Required action: The reply should contain every line of the data, repeated exactly, and no pictures.
---- Raw data
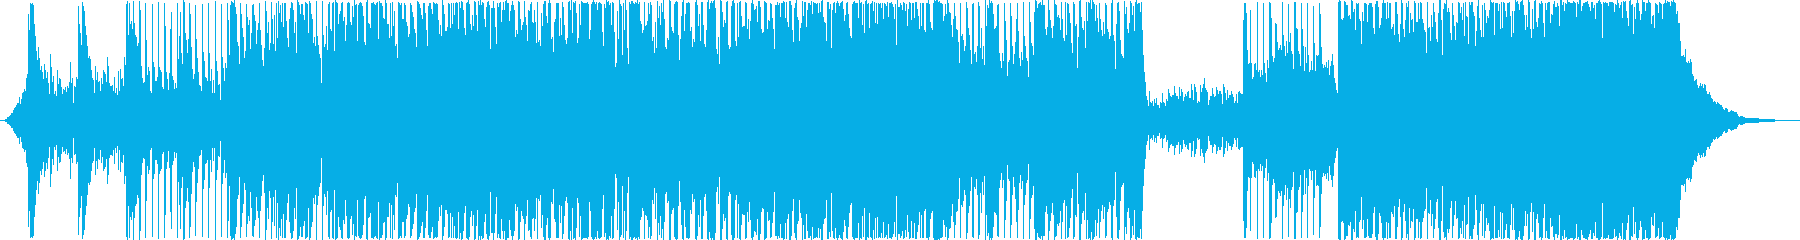 ポップ 静か 楽しげ ファンタジー...の再生済みの波形
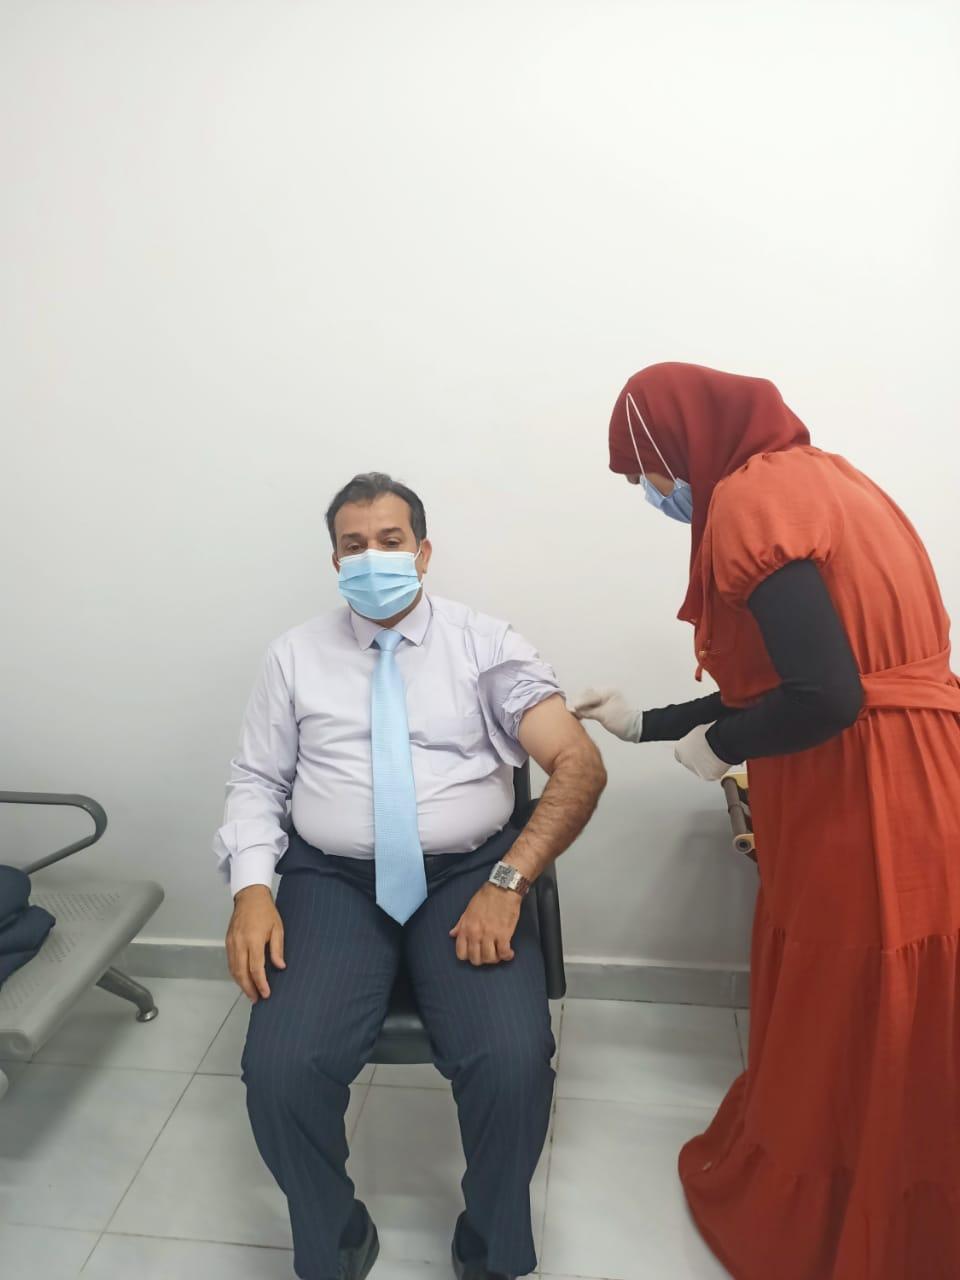 رئيس جامعة جنوب الوادى يعلن انطلاق المرحلة الثانية لحملة التطعيم بلقاح فيروس كورونا بالجامعة
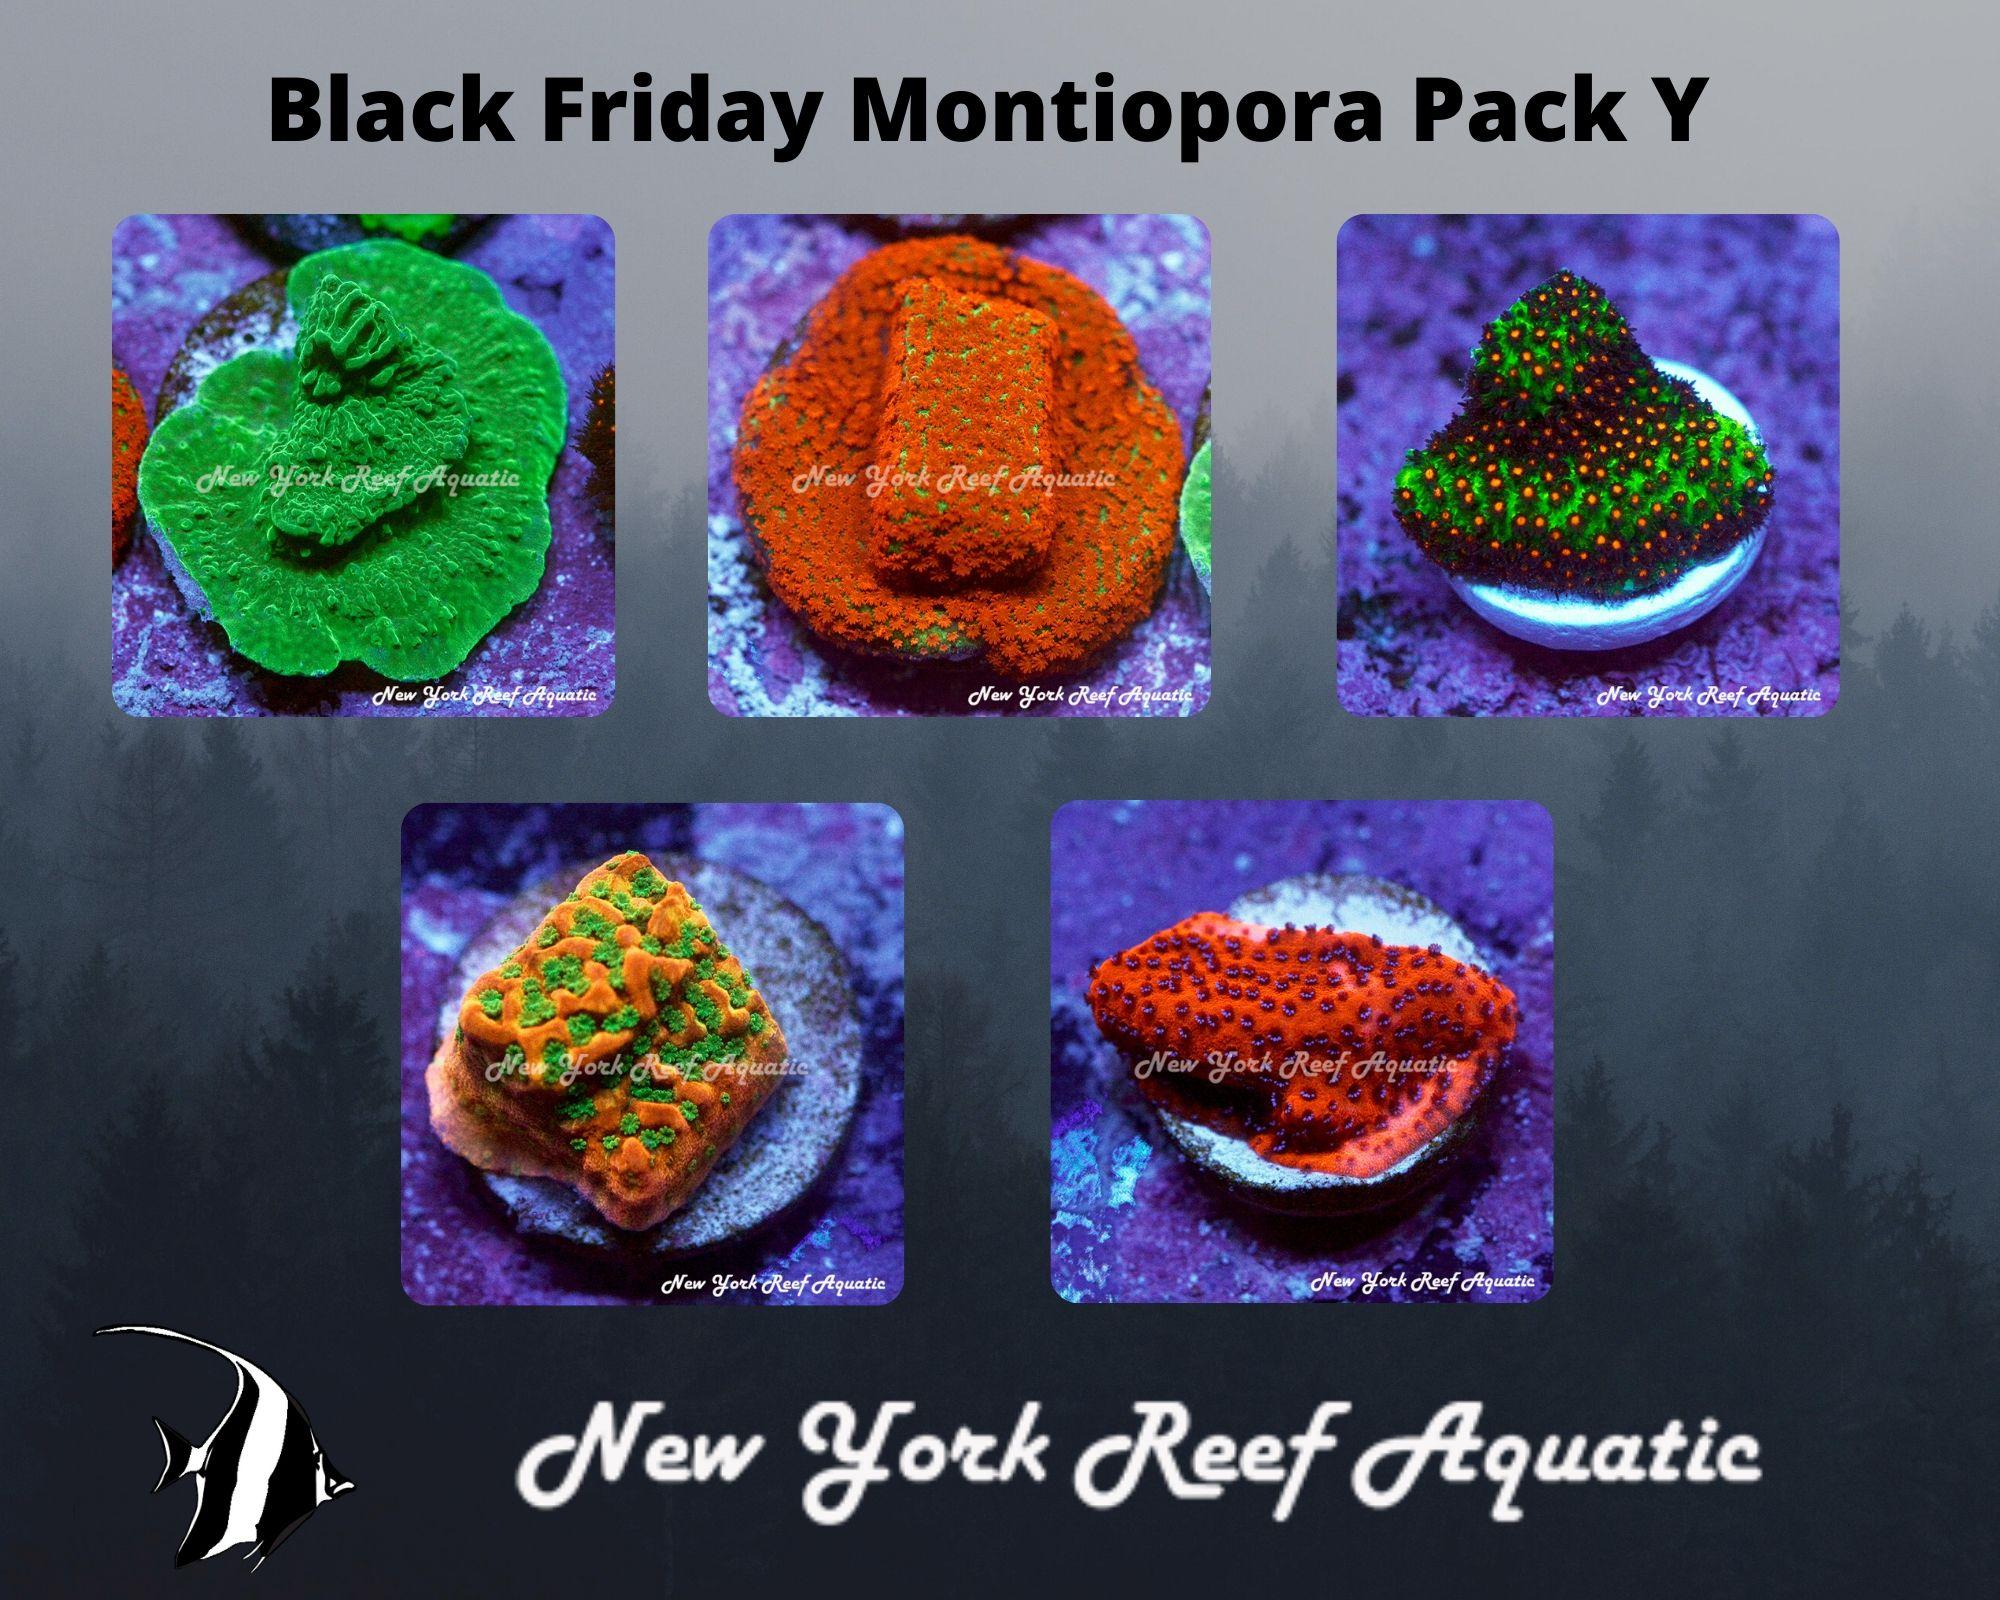 Montiopora Pack Y.jpg
--------
Solution to the problem:
 ポップ 静か 楽しげ ファンタジー...の再生済みの波形
 رئيس جامعة جنوب الوادى يعلن انطلاق المرحلة الثانية لحملة التطعيم بلقاح فيروس كورونا بالجامعة
 Montiopora Pack Y.jpg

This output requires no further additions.